I have been working on a story for the past couple of months or so, normally writing comes incredibly easy to me, but this one piece of work has been a struggle. I have read and reread the first four chapters and hate them, I start to rewrite it because I find it isn’t flowing how I would like. The MC is coming off as insensitive and immature, this isn’t how I want her to come across. She will go through a lot in the story, will have to make decisions that will not only affect her but a very small group of people. Anyway, nothing seems to be going right, the story is off somehow and I needed to fix it . Finally reaching the end of my rope I decided to give up on it, the story wasn’t going where I wanted it to go, or rather I didn’t know how put it in the direction I wanted to go, so I stopped.
Sometimes though giving up might be just what a writer needs to get back on track.
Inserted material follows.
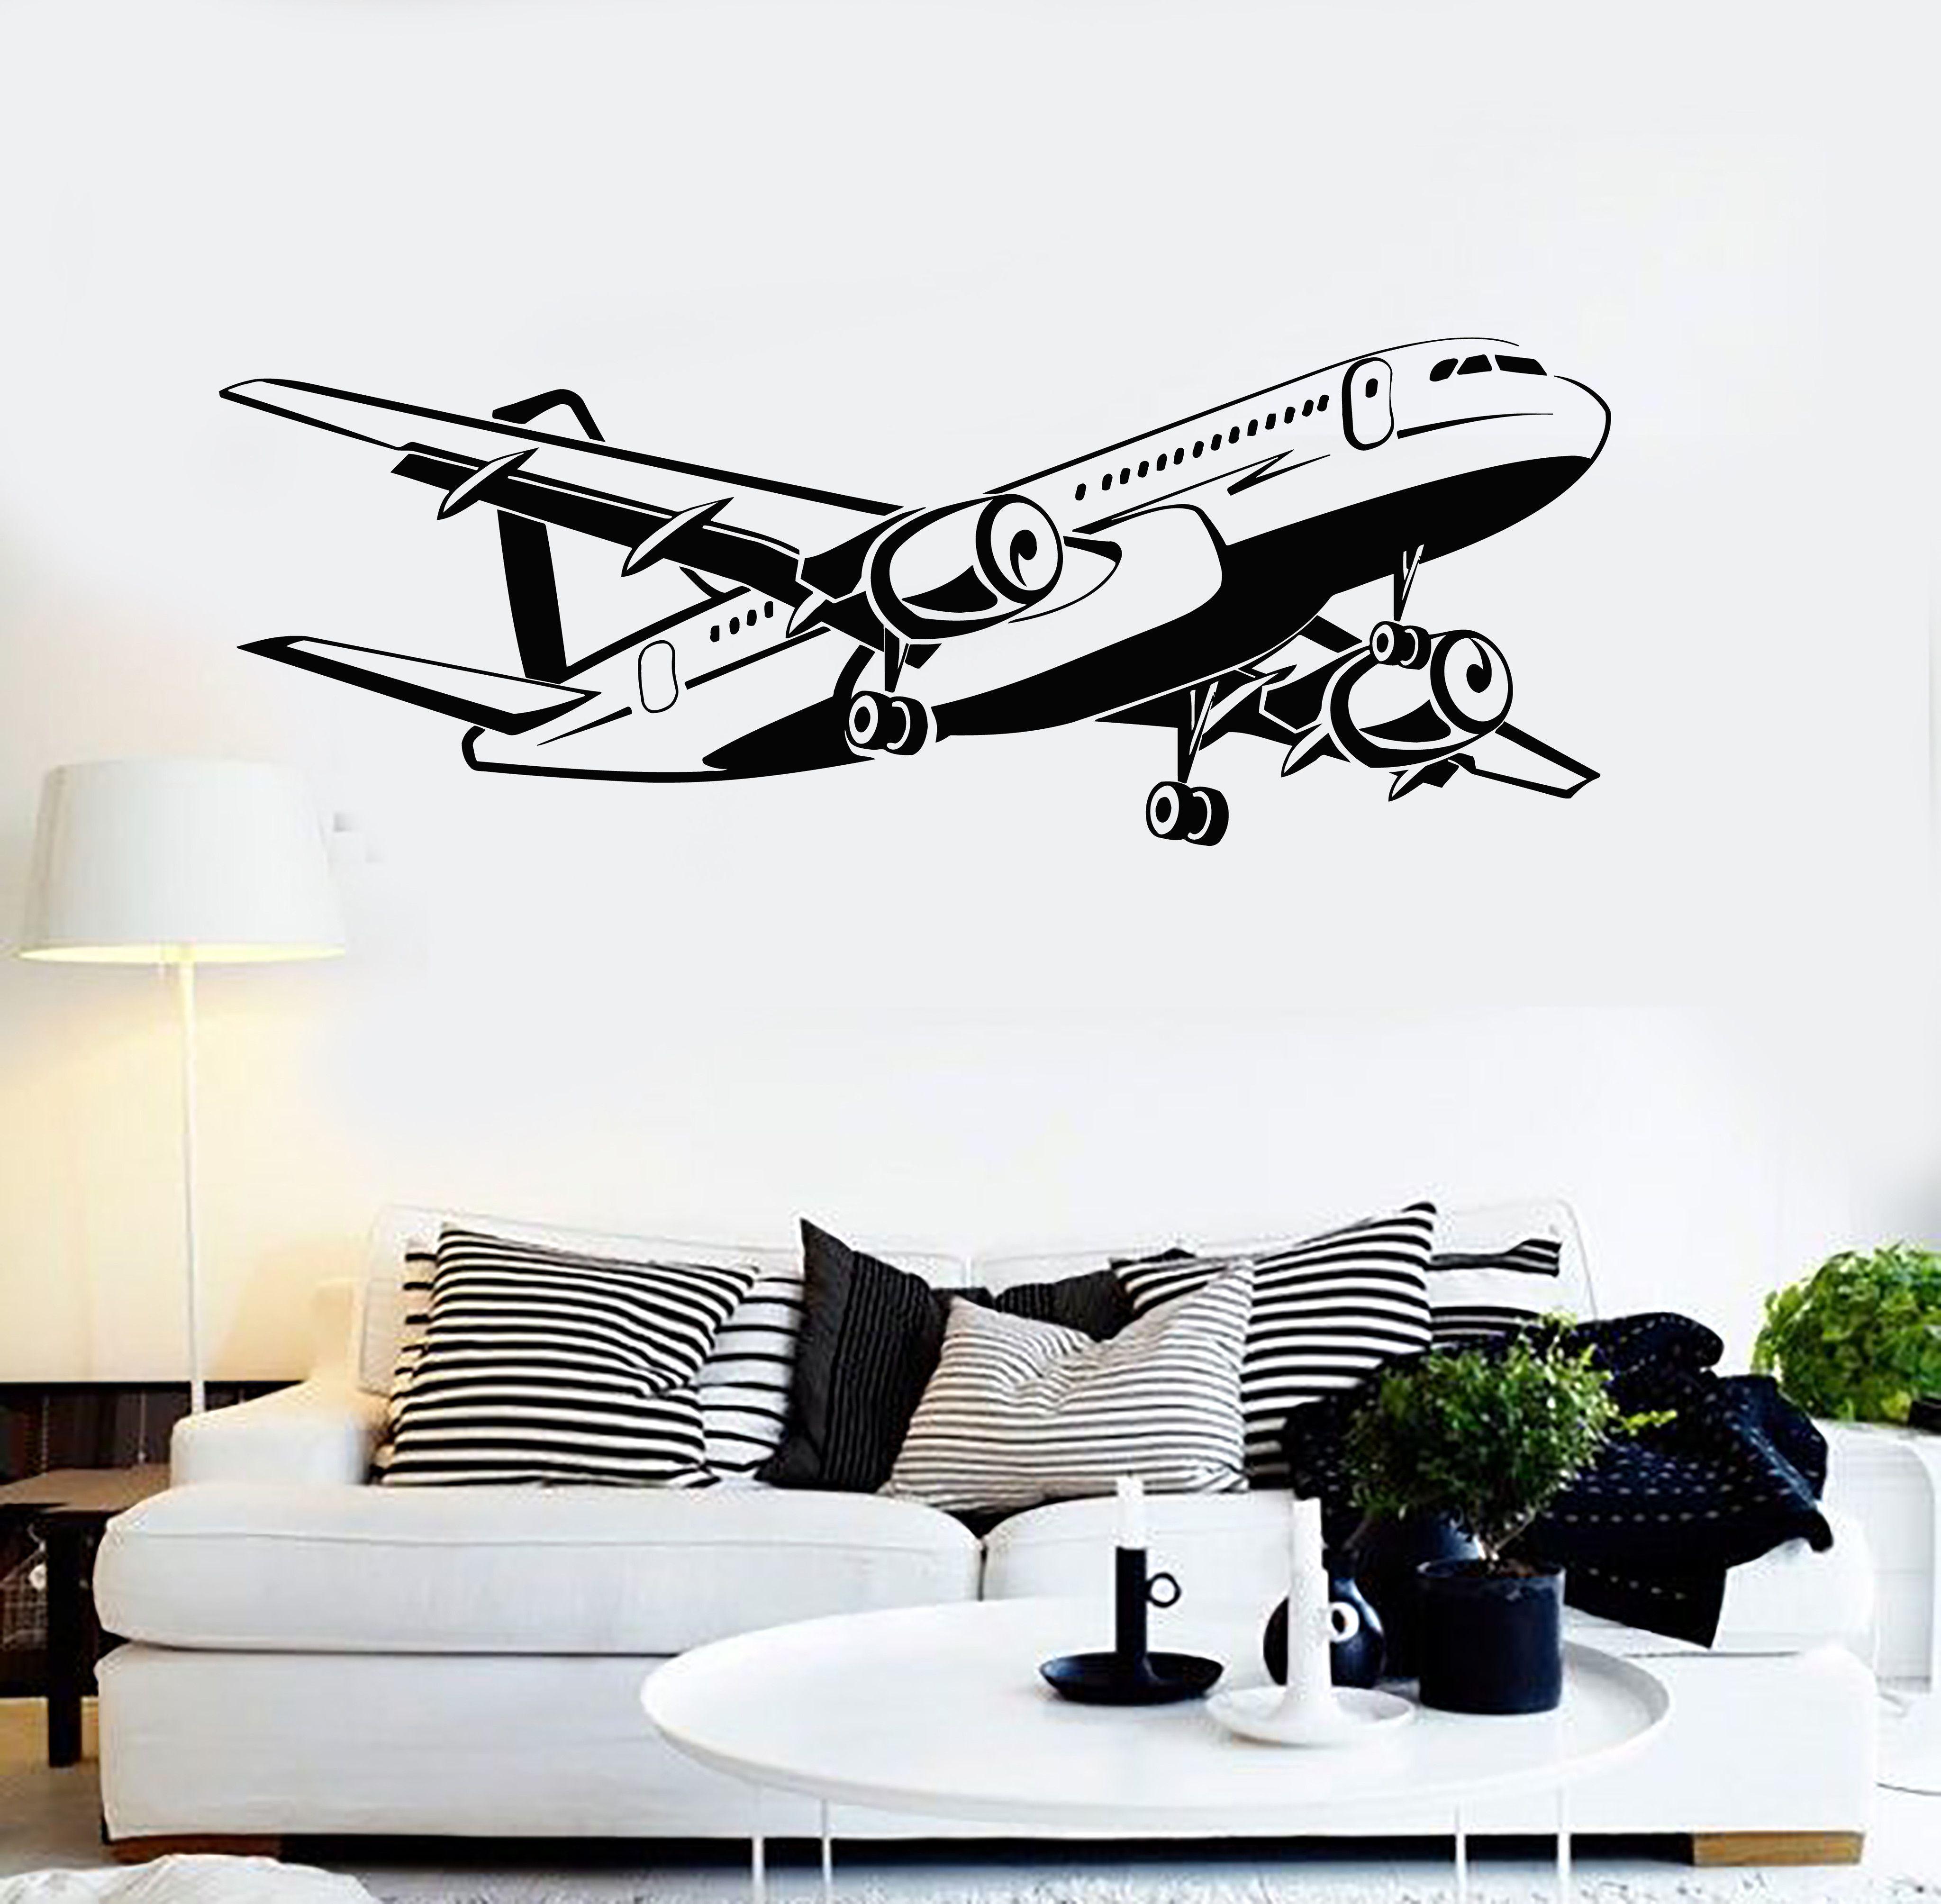 Vinyl Wall Decal Aircraft Airplane Aviation Art Decorating Stickers Mural Ig5015 Aviationideas Airplane Decor Airplane Wall Art Aviation Decor [ 4018 x 4096 Pixel ]

We all hear how the characters in their stories quite literally don’t leave them alone and so on, well that’s just what happened to me, my MC wanted her story told and therefore she was not going to let me just give up. Yesterday I sat at my lap top, closed off any distractions, blogger, twitter and T.V. and started to write. The words flowed, the story began to get told the way it should have been told from the get go, we read blogs about where a story should start all the time right? Well let me tell you the beginning is not always the beginning of the story, if you get what I am saying. sometimes the beginning of a novel is the middle of the story. So, this was the problem with my WIP, I was starting it in the wrong place, I wanted the story to be told without revealing too much in the beginning, but sometimes you must tell in order to begin he showing process. I have such and emotional connection with this MC and with the story that when I started the story over in the way I felt it should be told, the process had me in tears. I was genuinely moved because I was feeling the story, I felt the MC frustrations, anger and to an extent her loss. 10k words later I like to think am on the right track.
How emotionally connected are you with characters? Have you ever had an experience where the story completely overwhelmed you? How so?